Я говорю не о исчезновении, не о уничижении, а о перемене социокультурного статуса и понимания людьми, что они делают и в какой ситуации находятся. Раньше в провинции знали спутник, Горбачёва и Евтушенко, «Бабий яр», Причём, там не очень понимали, как эти слова разделить. Сейчас поэзия не породила ни одной личности, которая была бы поп-фигурой за пределами поэзии. Это изменение заполнения свободного времени, изменения в психосоматическом типе. Поэзия – это была зона активной энергетики, влияния, куда шли люди, которые в чисто поэтическом отношении не были, возможно, одарёнными, но они были заряжены энергетикой.

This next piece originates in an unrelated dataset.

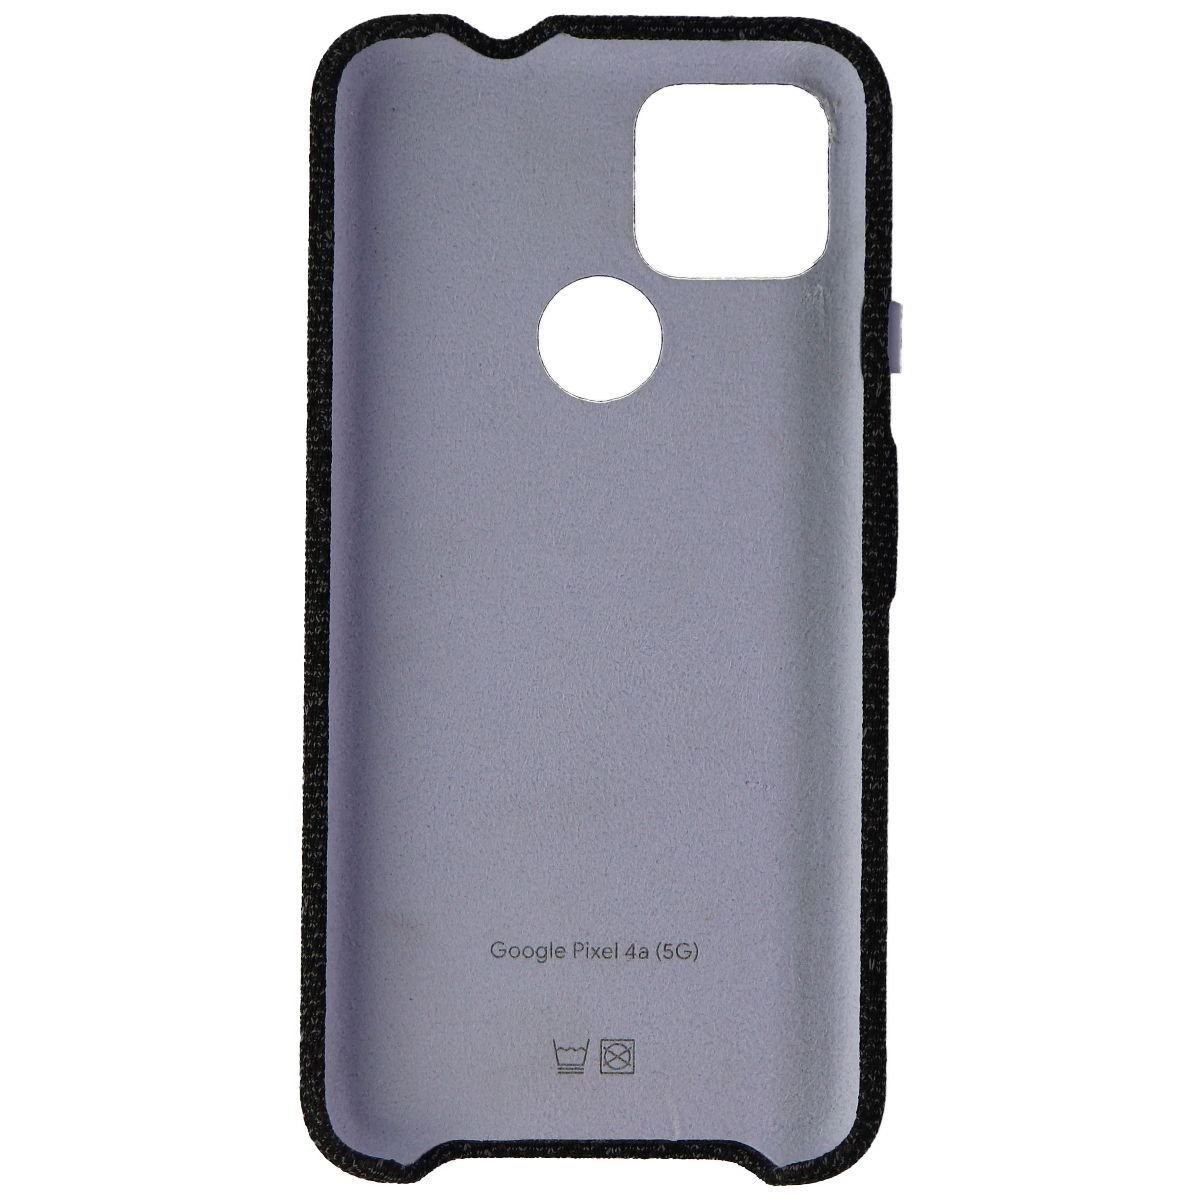 Google Official Fabric Case For Google Pixel 4a 5G - Basically Black

Художник может сделать человека персонажем своего проекта
Художник может сделать человека персонажем своего проекта

И заражали всю эту зону. Сейчас человек социально амбициозный, энергетивный не идёт в поэзию. Он идёт в экономику, в политику, в поп-бизнес. Эта зона изменила географическую конфигурацию. Важна культурная вменяемость. Например, людей, занимающихся космологией, десять человек на весь белый свет и никто не понимает, что они делают, но они имеют редуцированное влияние. Пикассо в своё время сказали: «Ваши картины не понимают». Он ответил: «В своё время я войду в каждый дом новым дизайном унитазов». Он имел в виду, что повлияет на какую-то художественную школу, художественная школа повлияет на школу дизайнеров, и ты даже не поймёшь, что твой унитаз, дизайн которого ты будешь приписывать какой-то фирме, от Пикассо. Надо понимать, что прямое воздействие поэзии исчезло. Она может рассчитывать на длительное редуцированное вхождение в жизнь социума и культуры.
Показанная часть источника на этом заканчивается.